Other macro factors also seem to be taking shape. Before the previous cycle’s run, the US Federal Reserve ended quantitative tightening, injecting billions of worth of liquidity into the market. The alignment with the business cycle further boosted capital rotation to the crypto sector, fueling price expansions.

A similar condition is playing out now. The US Fed ended QT in December, with $ADA entering its post-QT correction phase afterwards, as seen in earlier cycles. The analyst believes that when this concludes, the macro shift from liquidity contraction to expansion will fuel the next bull run.

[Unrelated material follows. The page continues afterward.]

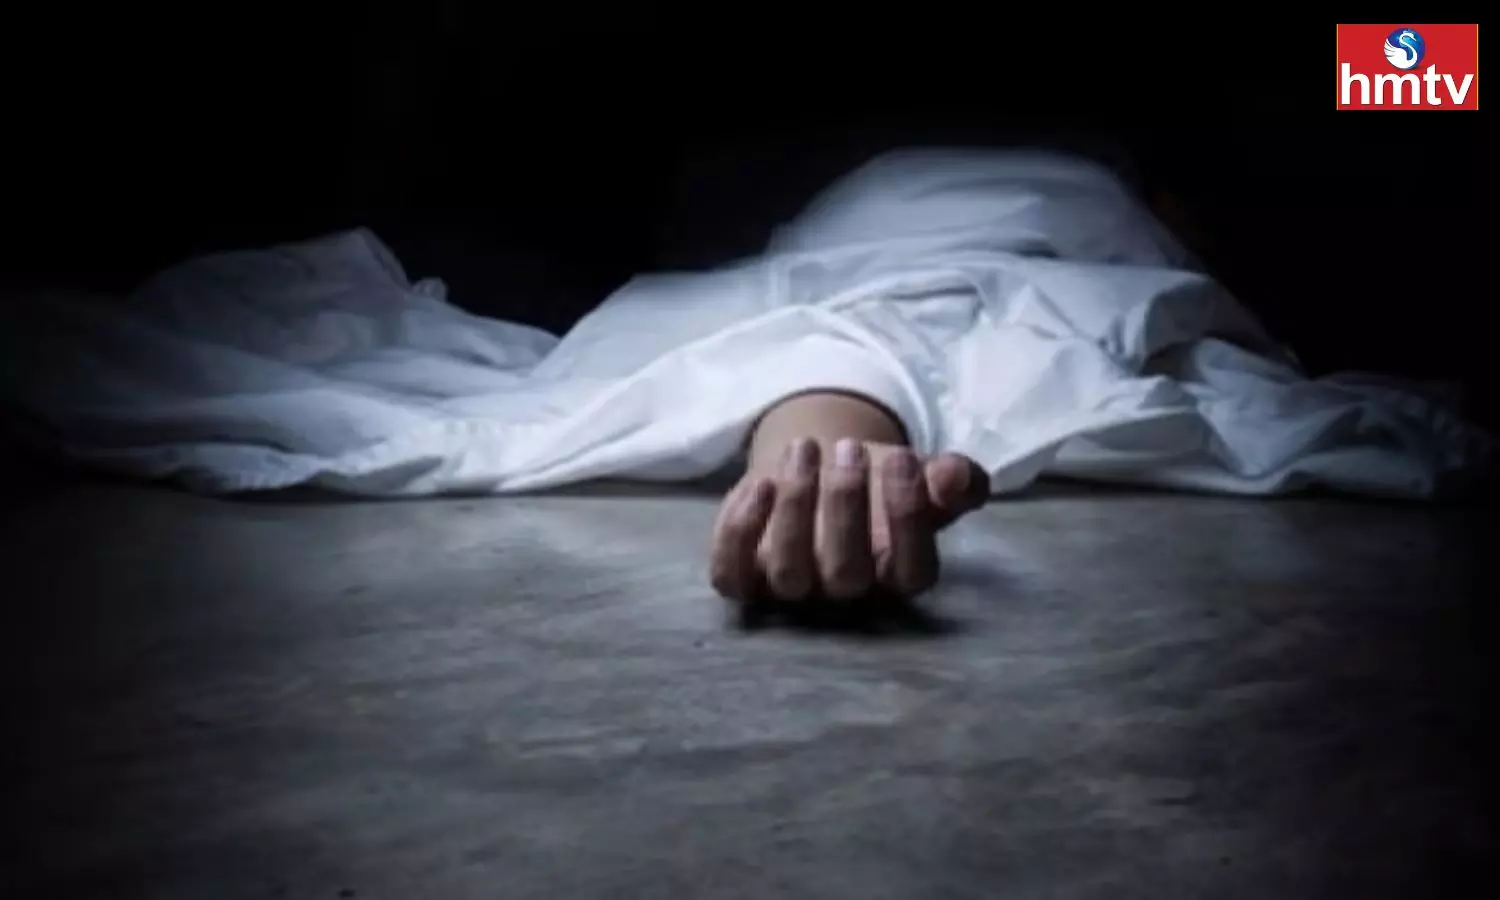 Woman Committed Suicide By Consuming Mixing Sleeping Tablets And Nail Polish In Alluri District

Similar Pattern Led to a 17,414% Cardano Rally

Meanwhile, the analyst also highlighted another striking pattern from the previous cycle that preceded a 17,414% rally from $0.0177 to $3.10. He noted that the monthly stochastic relative strength index (RSI) recently entered the same oversold level that preceded this explosive move.

Notably, each drop to this level has always preceded a rebound, but Gambardello claimed the indicator’s development closely resembled what the market saw in late 2019 and early 2020. With better fundamentals this cycle, he stated that it was not over for Cardano yet amid persisting correction.

Interestingly, if $ADA pulls off a similar 17,414% rally, it will surpass $45 per coin. With this looking ambitious, analysts have highlighted more realistic targets, such as $10. Even so, there is no guarantee of its attainment.